(Information shown Opens)
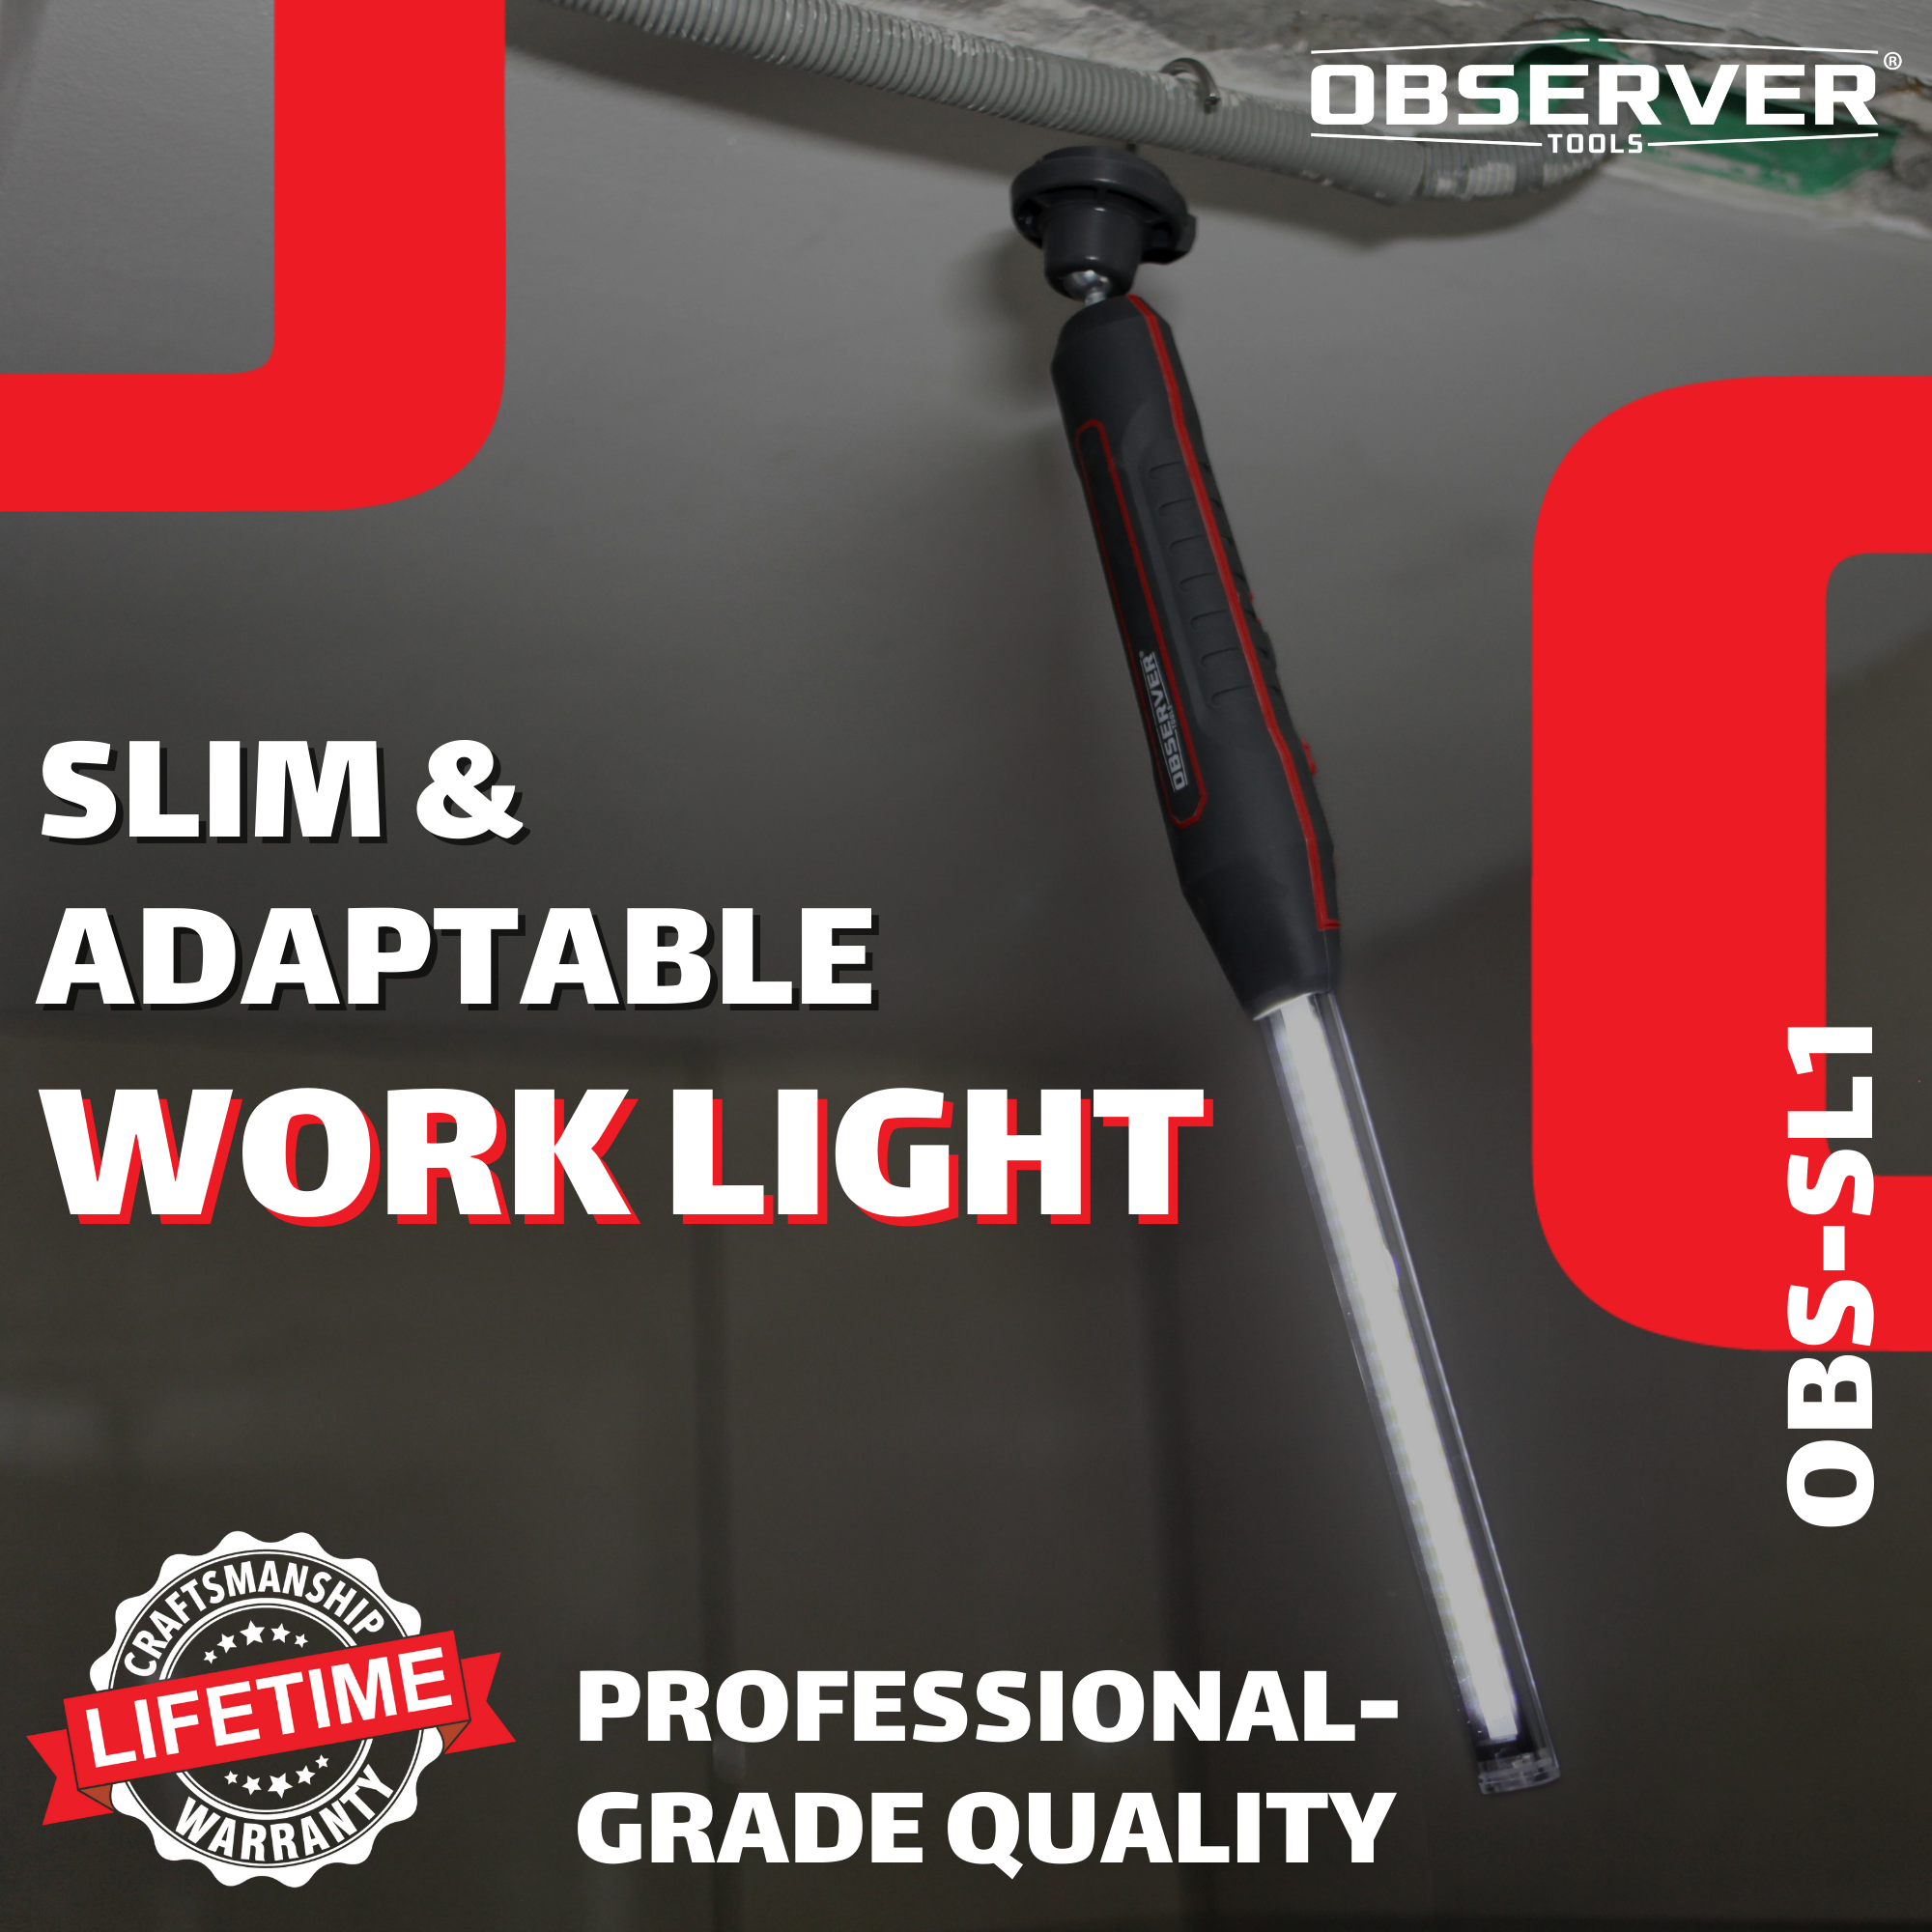 900 Lumen Dual-Lamp LED Rechargeable Slim Light with Stepless Dimming and Magnetic-Pivoting Base
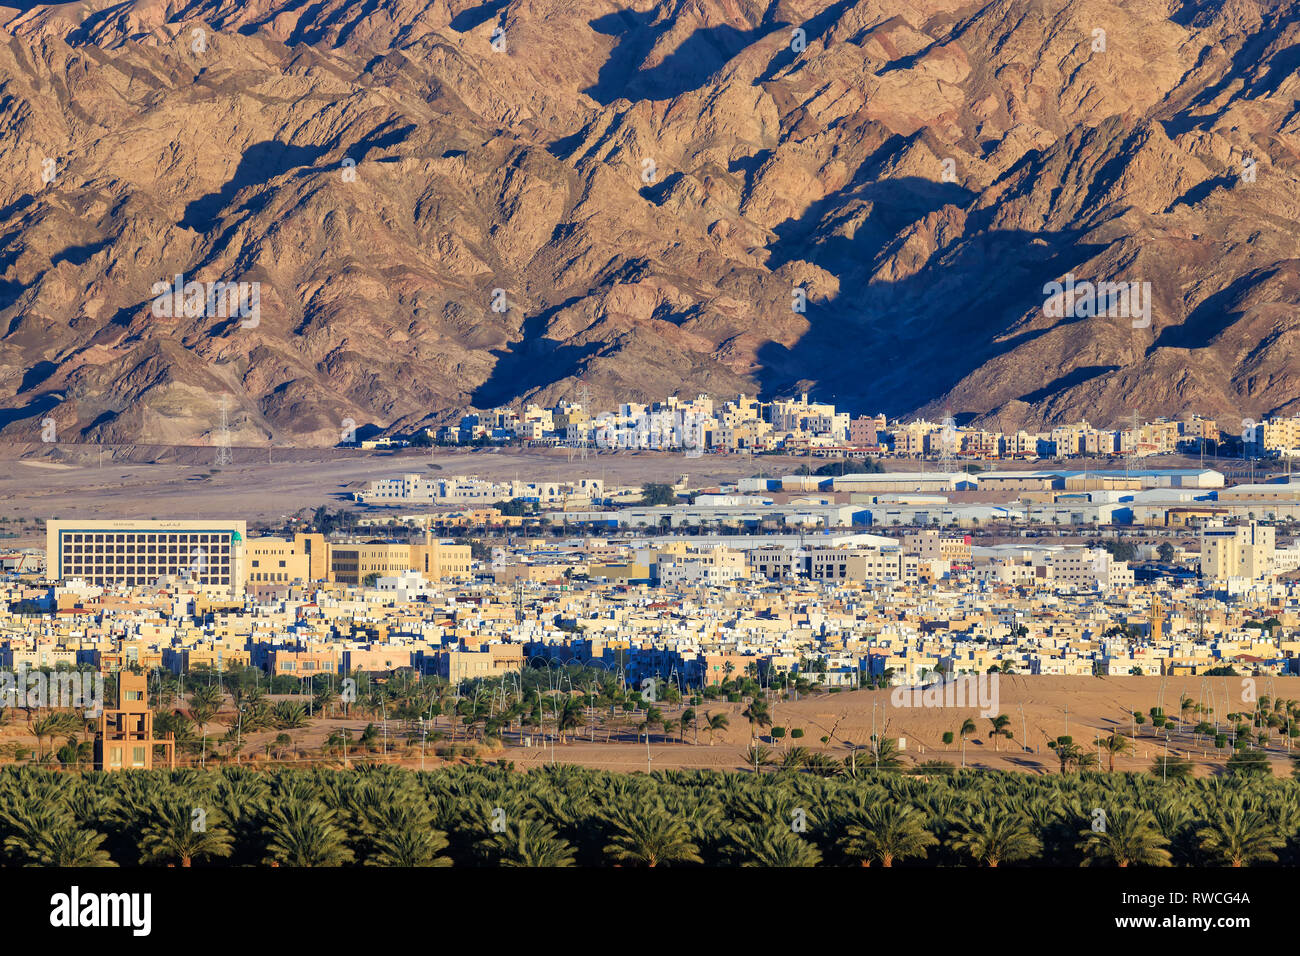 Eilat, ISRAEL-February 24, 2019: Israir Airlines ATR 72-200 at old Eilat international Airport. Stock Photo
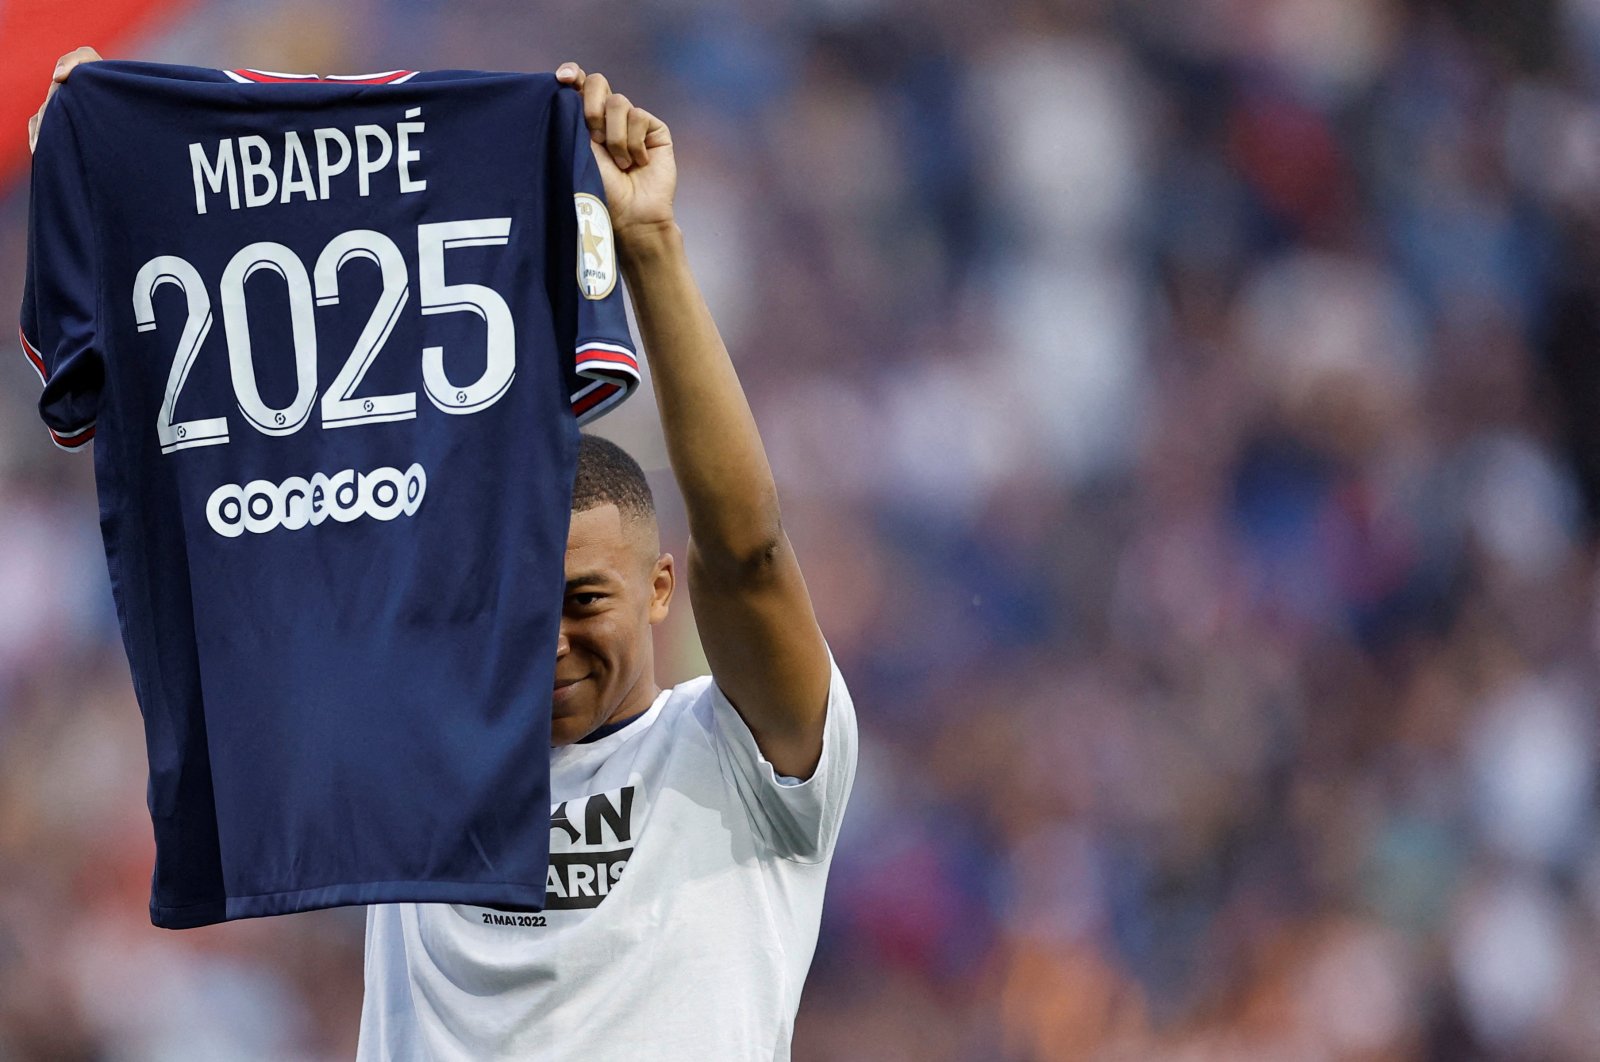 PSG&#039;s Kylian Mbappe holds up a shirt after signing a new contract, Paris, France, May 21, 2022. (Reuters Photo)
(Information shown Closes)
#### Aim of the task:
When you reach the line containing "Eilat, ISRAEL-February 24, 2019: Israir" in the listing above, reproduce it and every line after it through the last, exactly; omit the pictures.

#### Answer to this problem:
 Eilat, ISRAEL-February 24, 2019: Israir Airlines ATR 72-200 at old Eilat international Airport. Stock Photo
 PSG&#039;s Kylian Mbappe holds up a shirt after signing a new contract, Paris, France, May 21, 2022. (Reuters Photo)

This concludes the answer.